La transparence et l’accès à l’information sont là des gardes fous essentiels : identifier l’épidémie dès les premiers jours et informer pour éviter sa propagation ; permettre aux journalistes de faire leur travail, parfois critique, d’investigation afin de questionner les chiffres et leur crédibilité, ainsi que les décisions prises ou l’absence de décision; assurer le fonctionnement de la démocratie et le contrôle par le Parlement, même à travers des procédures exceptionnelles ; permettre aux tribunaux de juger les cas urgents…

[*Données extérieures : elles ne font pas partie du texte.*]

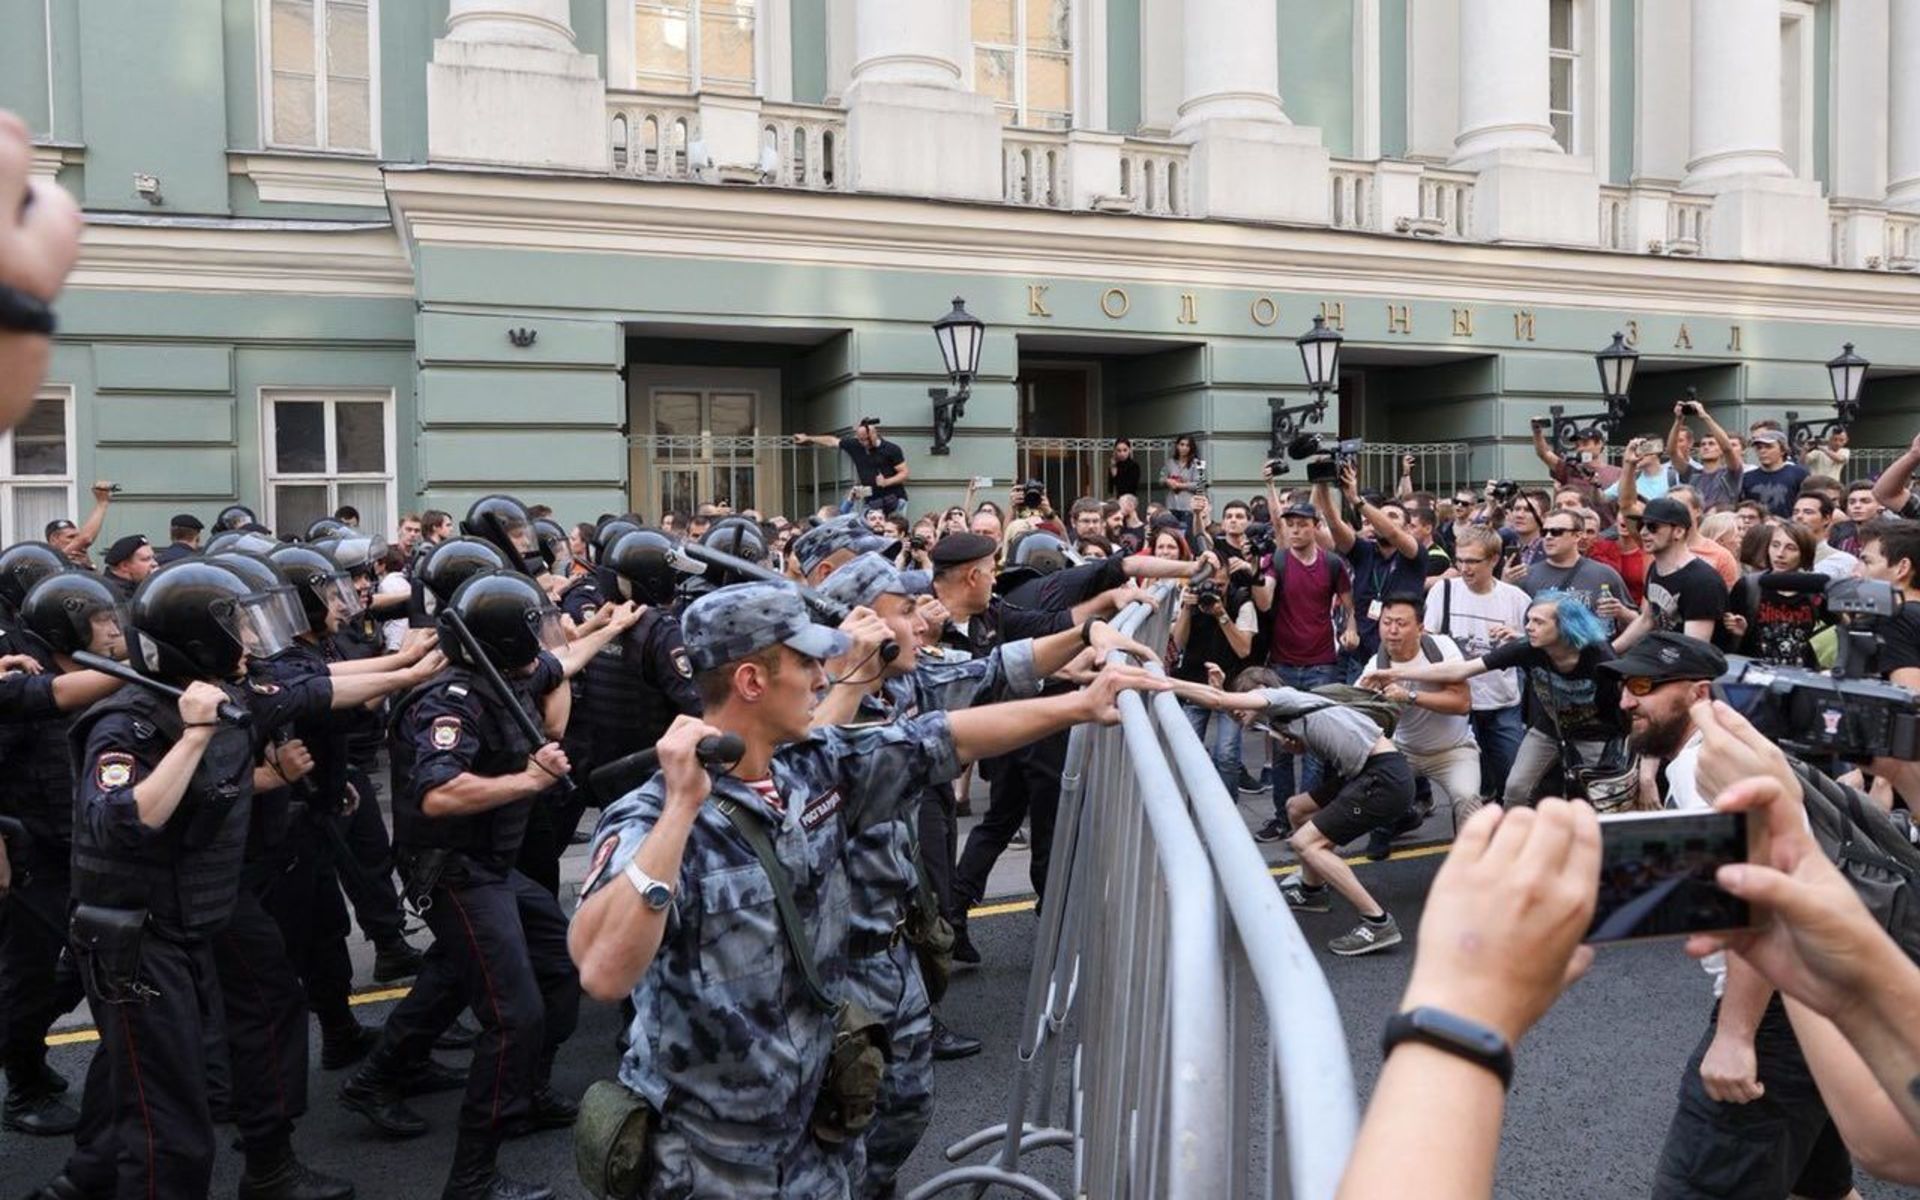 Street protests in Moscow against increases in pension ages by Putin government, September 9, 2018 (Image: novayagazeta.ru)
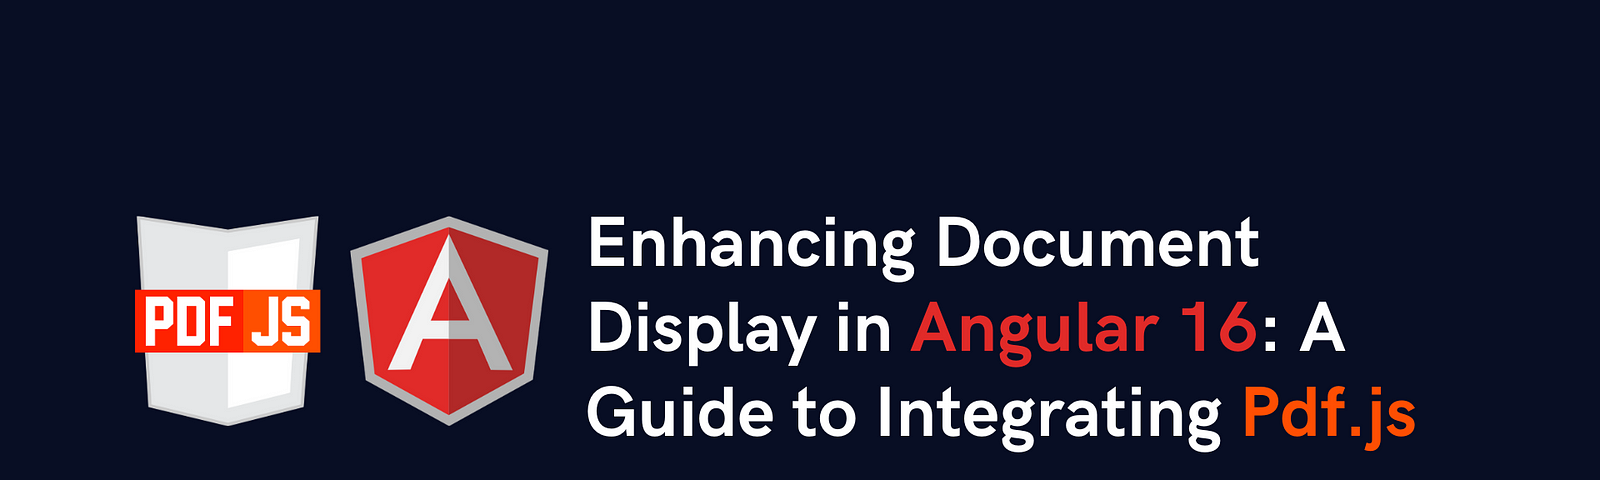 Enhancing Document Display in Angular 16: A Guide to Integrating Pdf.js

Mais cette crise est et sera aussi géostratégique. Alors que le secrétaire général des Nations unies prône la coopération au niveau mondial et l’arrêt des conflits pour se concentrer sur l’ennemi commun, les premiers reflexes sont souvent le repli sur soi ou la confrontation idéologique. Or cette crise nous rappelle que les virus n’ont ni nationalité, ni frontière et qu’ils frappent sur tous les continents et toutes les personnes sans distinction de leur couleur de peau, religion ou conviction politique… La réponse à cette crise doit donc forcément être globale sur tous les plans : sanitaire, économique, financier, sociétal… C’est seulement si nous parvenons à agir collectivement que nous pouvons espérer la surmonter et surtout nous préserver d’une résurgence ou d’une crise climatique, voire d’un autre type encore non identifié…
Comme le dit Josep Borell, haut représentant de l’Union européenne pour les affaires étrangères, le monde sera bien diffèrent lorsque cette crise sera passée. Nous devons d’ores et déjà nous y préparer tant individuellement que collectivement!
S.E.M Vincent Degert, ambassadeur de l’Union européenne auprès de la République de Maurice.